I had a feeling immediately entering Santiago that this time the Camino Frances and I are finally over. At no point during the walking, at Monte de Gozo and despite the blisters and shin splints, did it occur to me not to walk to Finisterre but upon seeing the spires of the Cathedral my mind and body just relaxed, it felt done and I’ve decided to bus to Finisterre and stay for five nights by the sea in this fabled centre of spirituality whose fortunes are so linked with Santiagos. The thought of doing nothing for 5 days by the sea totally freaks me out! No activities!
I’ve booked my stay in a hotel overlooking the bay which apparently has fabulous views but a cranky and unhelpful owner with many reviewers calling it Spain’s ‘Fawlty Towers’. This only makes it more appealing. Apparently he gets very disturbed if you try and check in before 3pm, so i’ll hang about in the town to avoid irritating him before we even begin our client relationship!
This morning I awoke to find the four blisters on my right foot painful, swollen and sensitive and this only worsened on the way into Santiago.
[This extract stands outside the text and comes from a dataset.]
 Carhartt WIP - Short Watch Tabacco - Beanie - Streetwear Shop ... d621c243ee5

My little toe has a blister on the top and a blister on the bottom of it making dressing the toe fairly problematic. For the next 7 days I will spend my entire shoe wearing time in flip flops which should give them a chance to heal. Between both feet I have 4 pinch blisters, this is where your toes tuck in under one another and you basically stand on a bit of your toe. The solution to this, I’ve now learnt, is silicone gel protectors for toes. I will definitely be buying these for my future hikes and would recommend you bring them out on camino. Pinch blisters are very common for runners and hikers and also very painful – and so easily solved it seems! I’ll know for next time – my first Camino also suffered with these nasties.
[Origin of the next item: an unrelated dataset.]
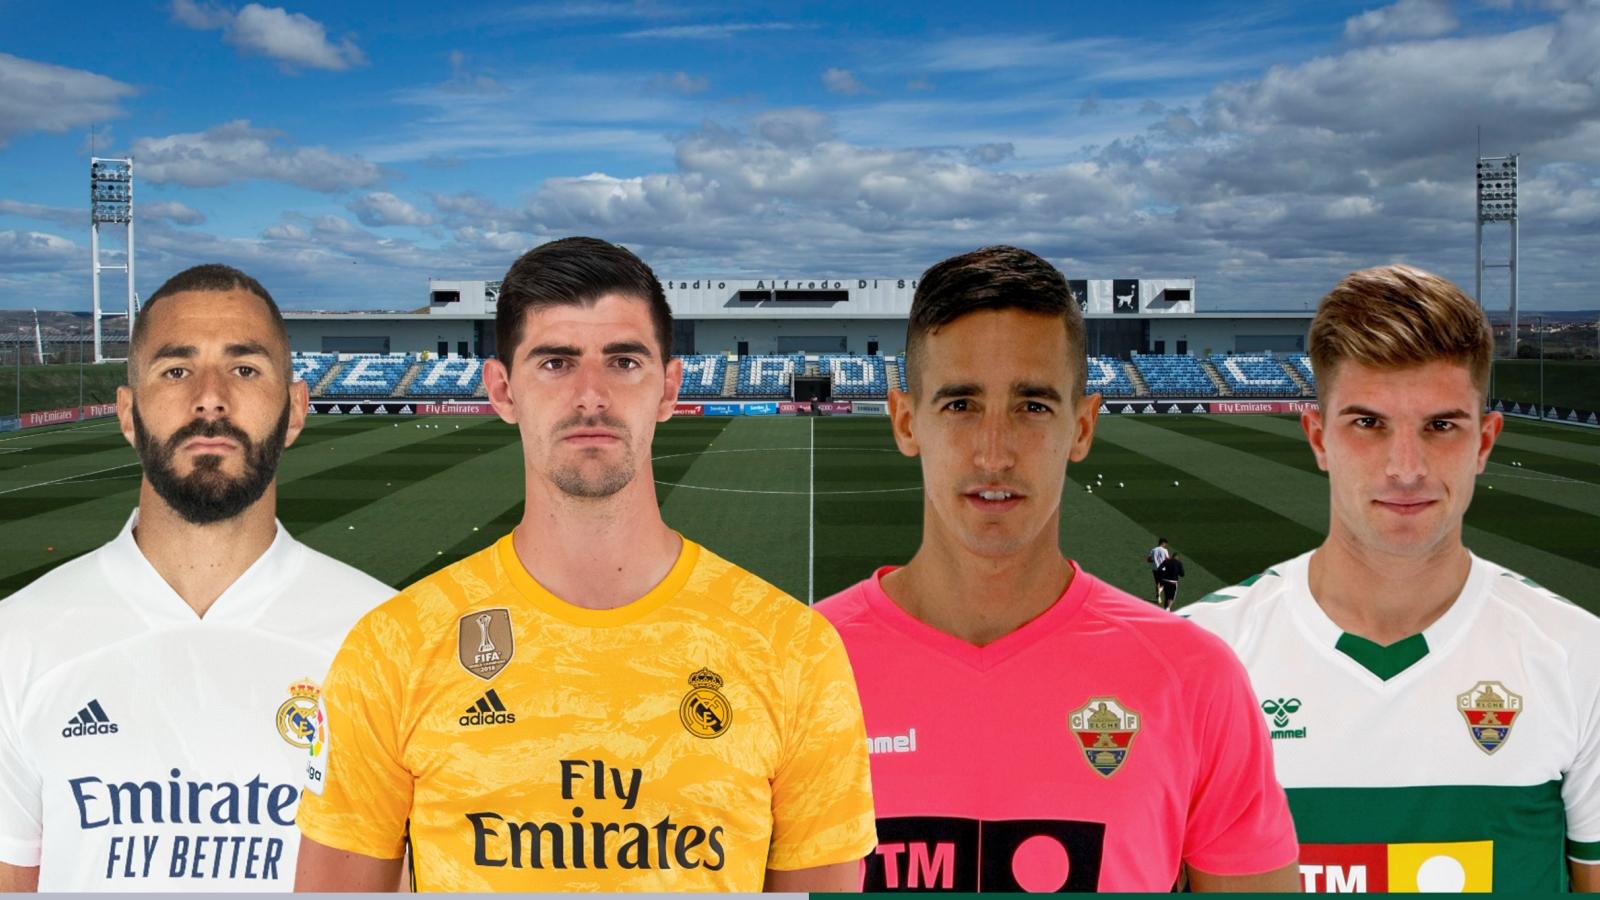 Dự đoán tỷ số, đội hình xuất phát trận Real Madrid - Elche

Tonight I’m staying in a four person room with three people who have just finished the Camino Portuguese in the albergue Roots and Boots.
I’ve bought into all the pilgrim regalia available in Santiago (which is tons) including rings, bracelets, t-shirts and necklaces, one of the t-shirts has the route of the Camino Portuguese printed upon it. Because of the way I run my life, if one more person says Camino Portuguese to me today I have to take it as a sign and walk this route. Decisions are no longer made in my life through reason and calculations but superstition and signs (I say no longer, but thinking again, I’ve always run it that way… maybe it’s time to stop and give reason and calculations a try!) I’ll ponder on that!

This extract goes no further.